The trade-off one often finds with patterns of resilience such as this one, is that what works to preserve social cohesion and social capital within a particular community may not have an upward impact, either on national governance or in surrounding regions of ongoing violence. Patterns of fragility are defined as those in which the interactions and outcomes undermine perceptions of legitimacy and effectiveness of governance, which in turn undermines the authority of the state. However patterns of resilience are not guaranteed to provide the reverse of this.

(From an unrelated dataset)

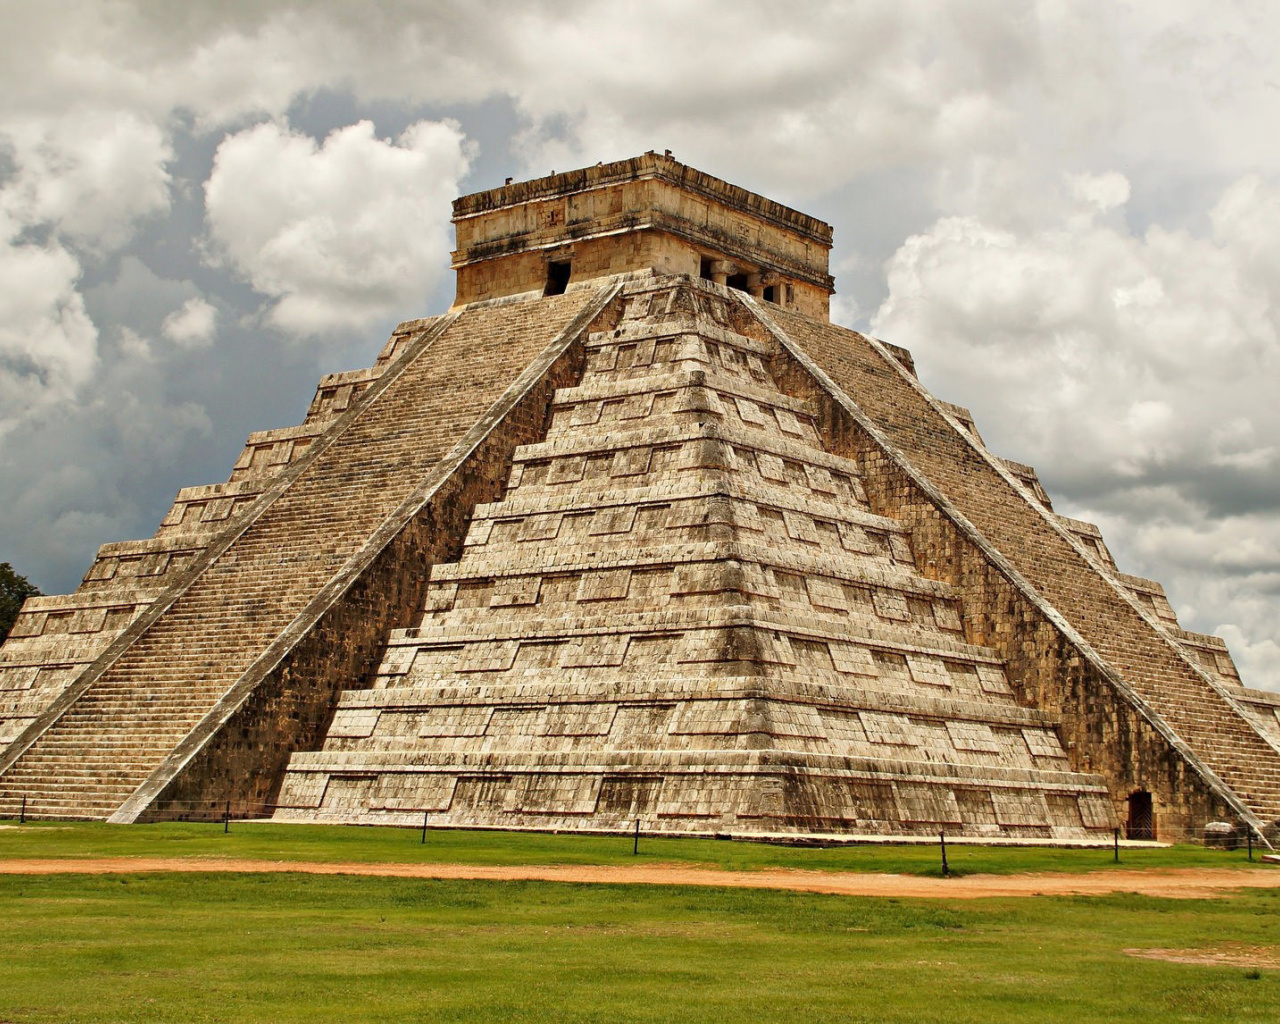 One of the 7 Wonders of the World Chichen Itza Pyramid wallpaper 1280x1024

Tribal authority in Amara is defined as a pattern of resilience because it meets the core criteria of minimizing violence, upholding key social institutions (traditional tribal authority), self-organization, and sustainability with minimal outside support. Tribal leaders in Amara have legitimate authority – that is, both citizens of Amar and the tribal leaders themselves accept the right of traditional tribal rule. Does tribal authority at the local level, though serving a crucial peacekeeping role, have a positive or negative effect on Iraqi’s perceptions of the legitimacy or effectiveness of the national government? It is not clear.

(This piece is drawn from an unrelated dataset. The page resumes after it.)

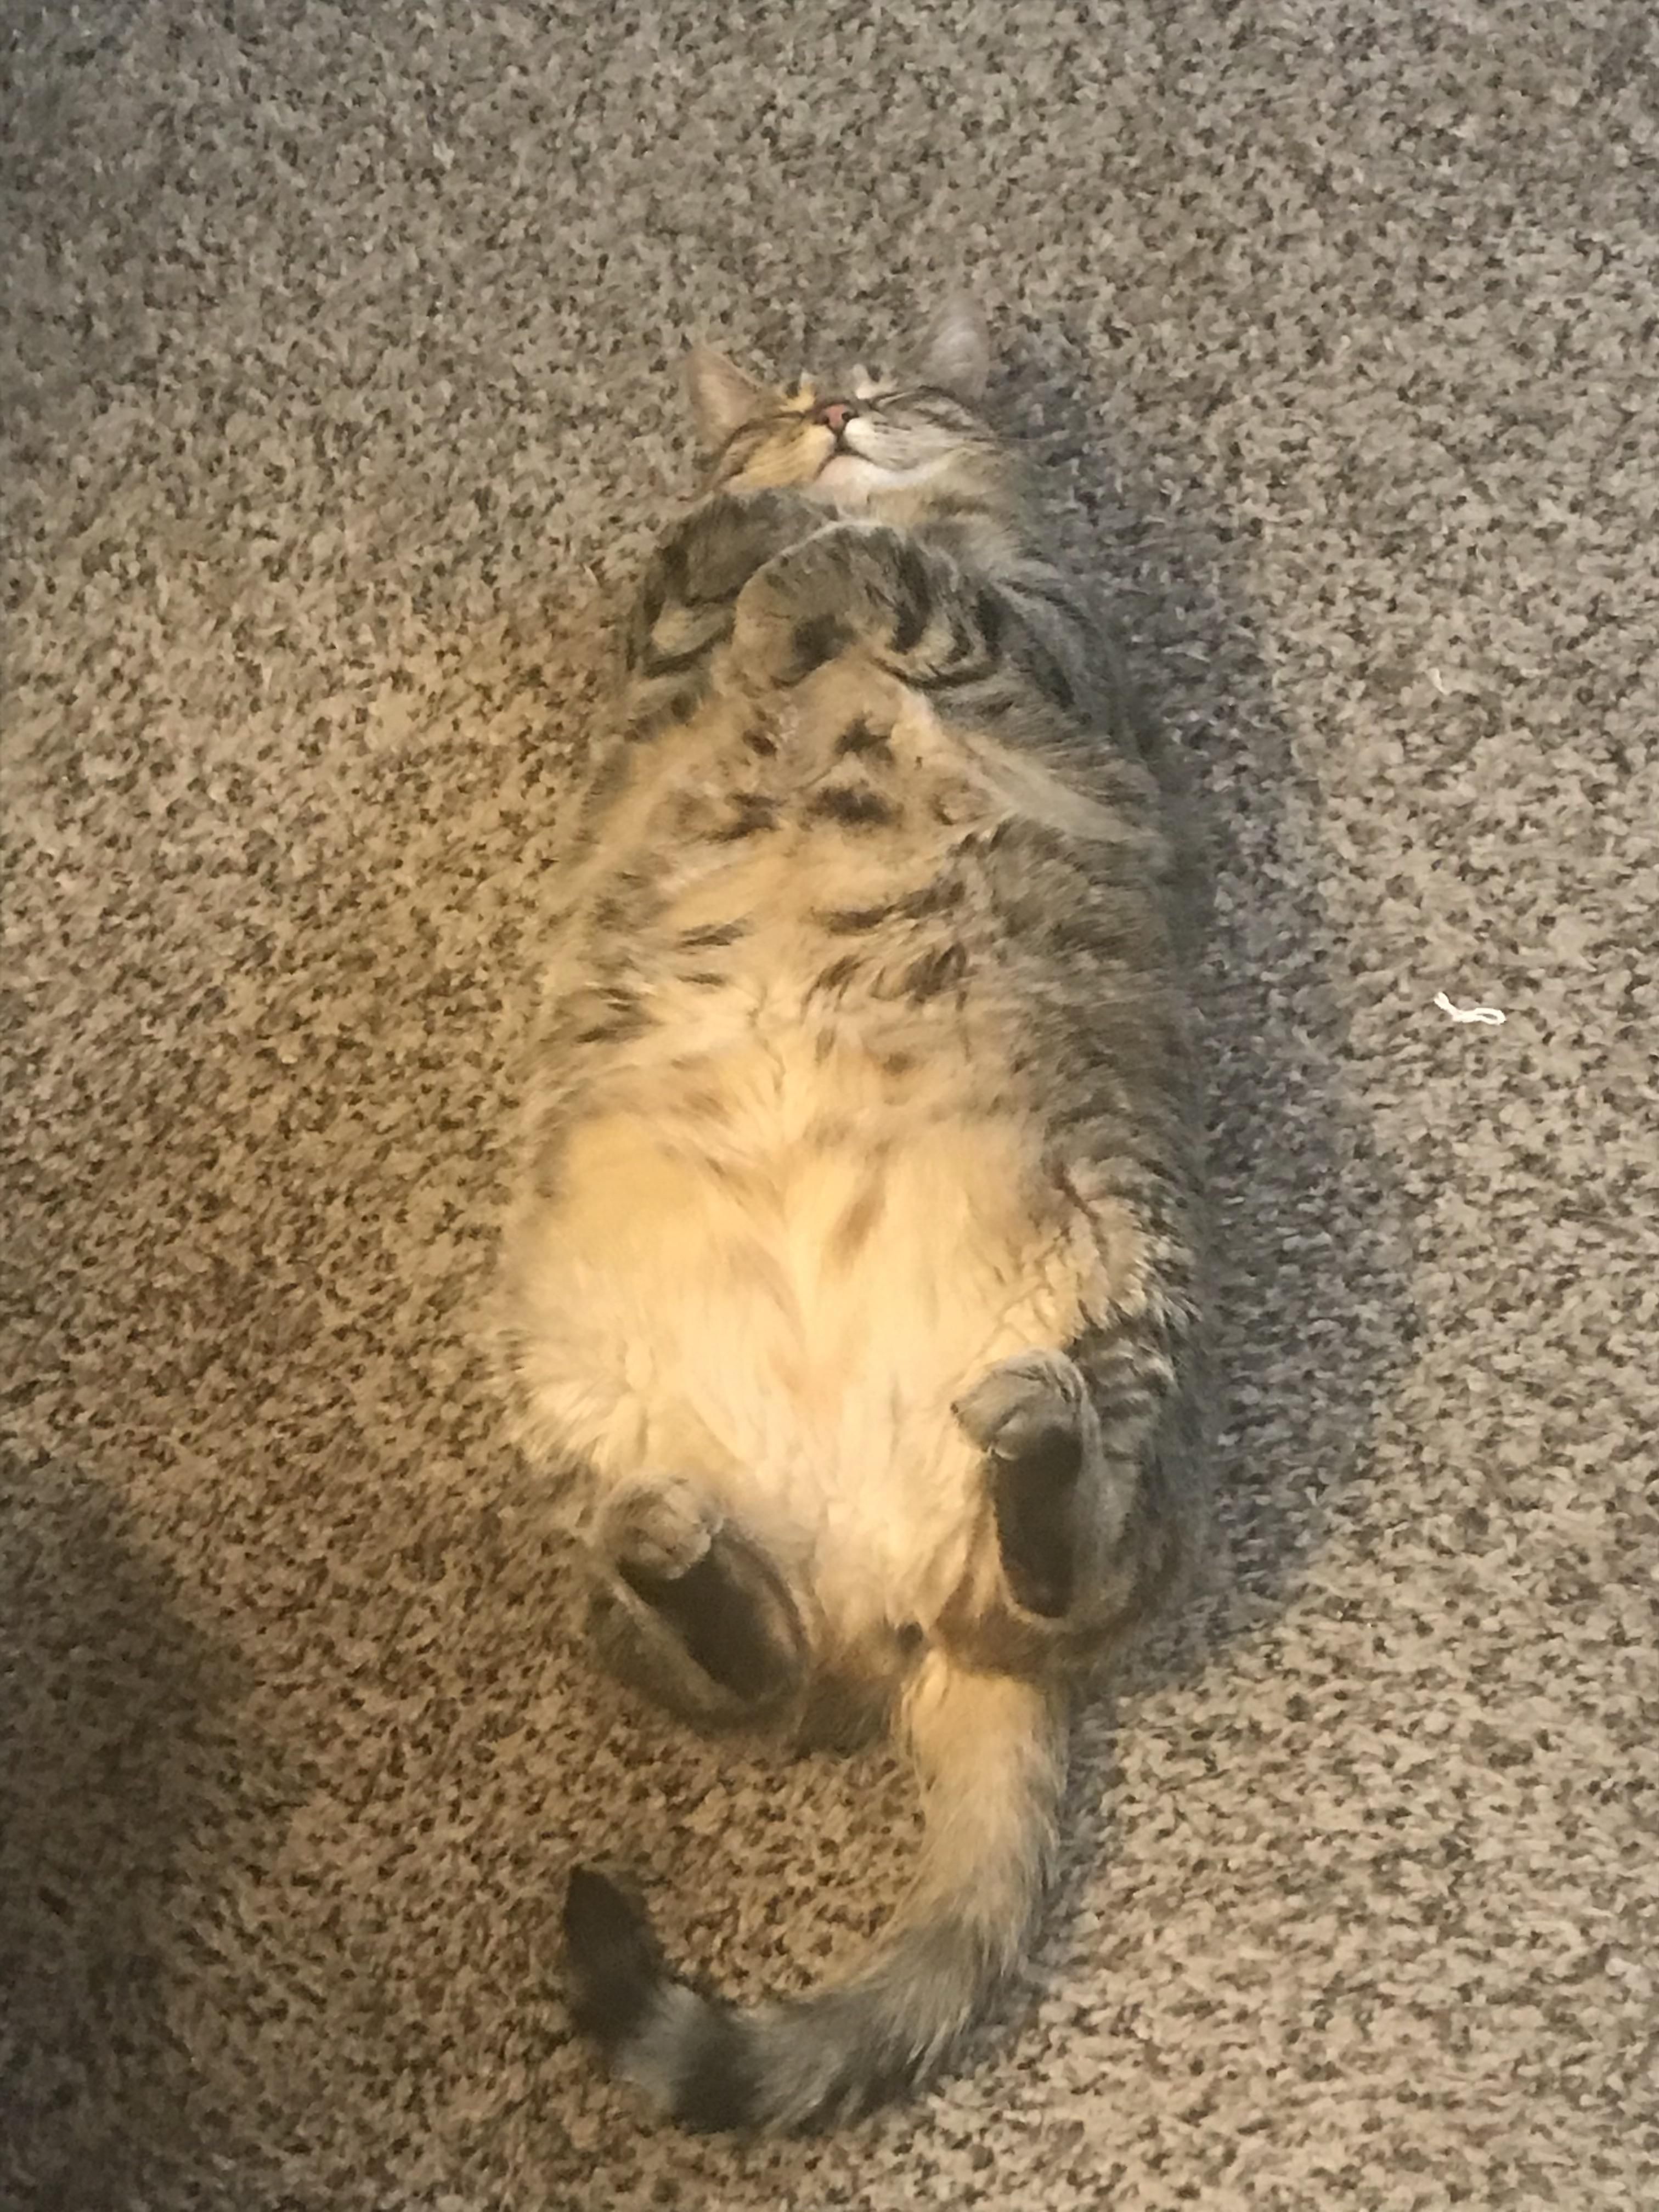 My high chubby little weirdo trying to blend in with the carpet after eating 6 leaves of catnip.

Another related trade-off has to do with social cohesion at the local level (community or regional level), and social cohesion at the national level. In extremely fragile states, where there is a breakdown of law and order, where the central state suffers from a loss of legitimacy perhaps exacerbated by its lack of ability regain control, and where economic disparities are wide and worsening, there may actually be an inverse relationship between local cohesion and a national sense of we-ness. Dynamics of insecurity force perception to local levels, and people’s trusted social networks get narrower.60 Patterns of resilience are the adaptive strategies people use to circumvent and navigate their difficult environment, and they tend to revolve around local leaders, traditional sources of authority, and informal rules and relationships worked out underneath (or alongside of) central authoritative structures.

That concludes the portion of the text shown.